Randall Price says, in The Secrets of the Dead Sea Scrolls, page 147, that scroll 4QDeutj, Deuteronomy 32:8 agrees with the LXX ("sons of Israel"), but not the Masoretic Text ("sons of God"). In 4Qexoda, Exodus 1:5 records "75 descendants of Jacob" (agreeing with the LXX; cf. Acts 7: l4) against the Masoretic Text's “70 descendants.” The Paleo-Exodus Scroll (4Q22) shows expansions of the text like that in the Samaritan Pentateuch.
Price says that six copies of Jeremiah recovered from the caves have the longer form of the text in agreement with the Masoretic text, but two have the shorter form in agreement with the Septuagint. They also lack words, names, and sentences and exhibit a different sequence in some places. Before the discovery of these texts there was no evidence for the existence of a shorter Hebrew variant other than the LXX.
On page 149, Price cites Emanuel Tov:
In proto-Judges, a portion from chapter 6 [of the biblical Judges] is missing – a whole paragraph. It is in our present Hebrew Bible, and also in English translations, but it is a paragraph which had puzzled scholars for centuries because it seems to be out of place. Suddenly we found this fragment at Qumran, in which there is a text of Judges that doesn't have this paragraph. The text reads better without it. It helps us understand that at some point in the transmission of the text this paragraph was added, but the book was already circulating in another form before it was.

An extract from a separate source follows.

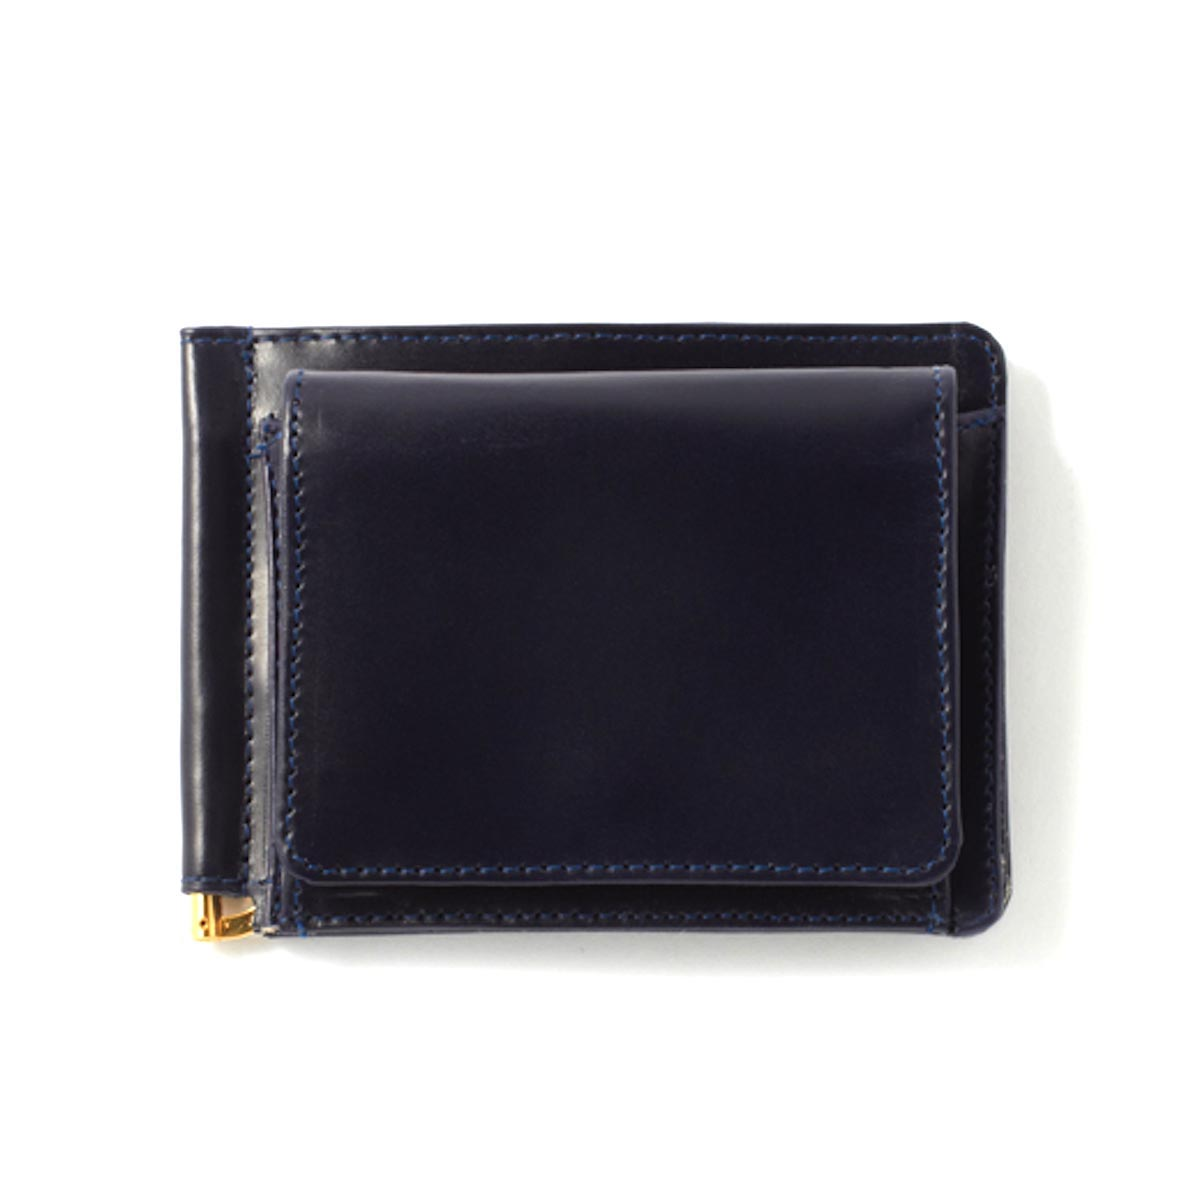 GLENROYAL / MONEY CLIP WITH COIN POCKET -DARK BLUE

On page 148, Randall Price says of the Samuel A Scroll:
The Samuel A Scroll (designated 4QSama-c or 4Q51-53) is especially interesting because it contains textual variants that appear to support many of the Septuagint deviations from the Masoretic Text. This was important because it provided scholars with an example of the kind of Hebrew version that was behind the Septuagint.
This Scroll also has another exceptional feature: it contains a passage that was completely missing from the Masoretic Text bur was apparently known and used by Flavius Josephus in his Jewish Antiquities (6.69-71). This text mentions Nahash the Ammonite, whose story is given in the Bible in 1 Samuel 11 : l-6.

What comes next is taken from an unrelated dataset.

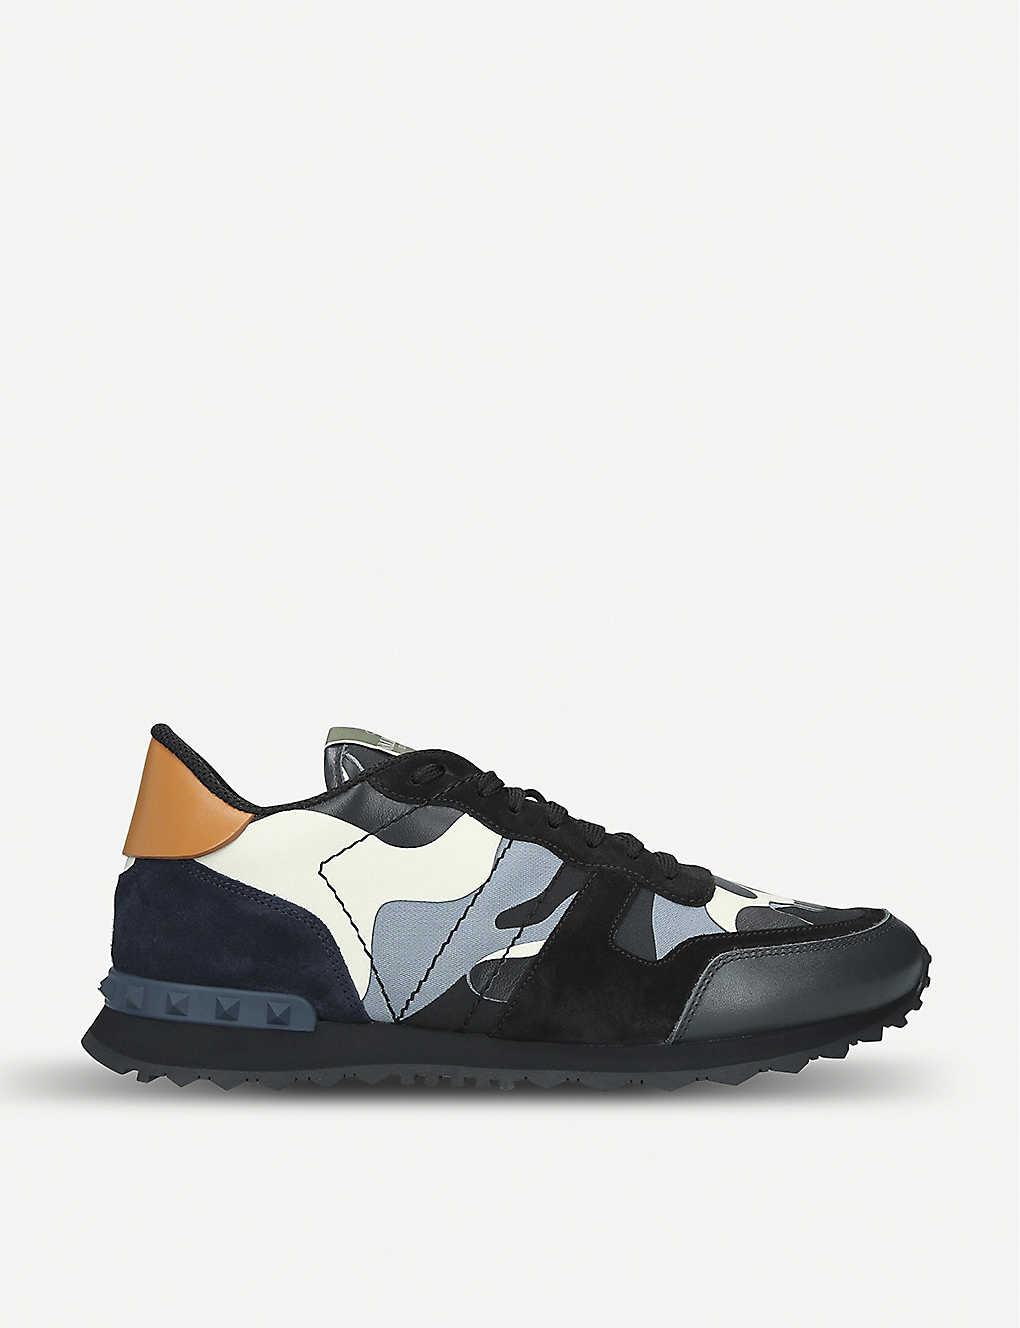 301475b76 VALENTINO - Camouflage studded-heel leather trainers | Selfridges.com

He says some of the Torah Scrolls expand on the biblical text, for example in the Rewritten Pentateuch (4Q364-367). Others are retellings of the biblical account, such as the Genesis Apocryphon, retelling the story of Abram and Sarai in Genesis 12:10-13 (1Q20 19:14-20) or the story of the flood (4Q252).
On page 381, Price says that the presence among the collection of a horoscope text, a physiognomy text (discerning a person's nature from his or her physical appearance and mannerisms), a chiromancy text (palmistry), and a brontologion text (prediction of the future based on where thunder is heard in the heavens) affirms their use in Judaism prior to the rabbinical period, after which time they were forbidden.
The full importance of the Dead Sea Scrolls for apologetics has not yet been determined. At one stage, it was suggested that a tiny scrap of text was from Mark's Gospel, but that thesis has been dismissed as speculative. There are scrolls that might have been precursors to the beatitudes of Matthew's Gospel, but we will see in the future how secure that hypothesis is.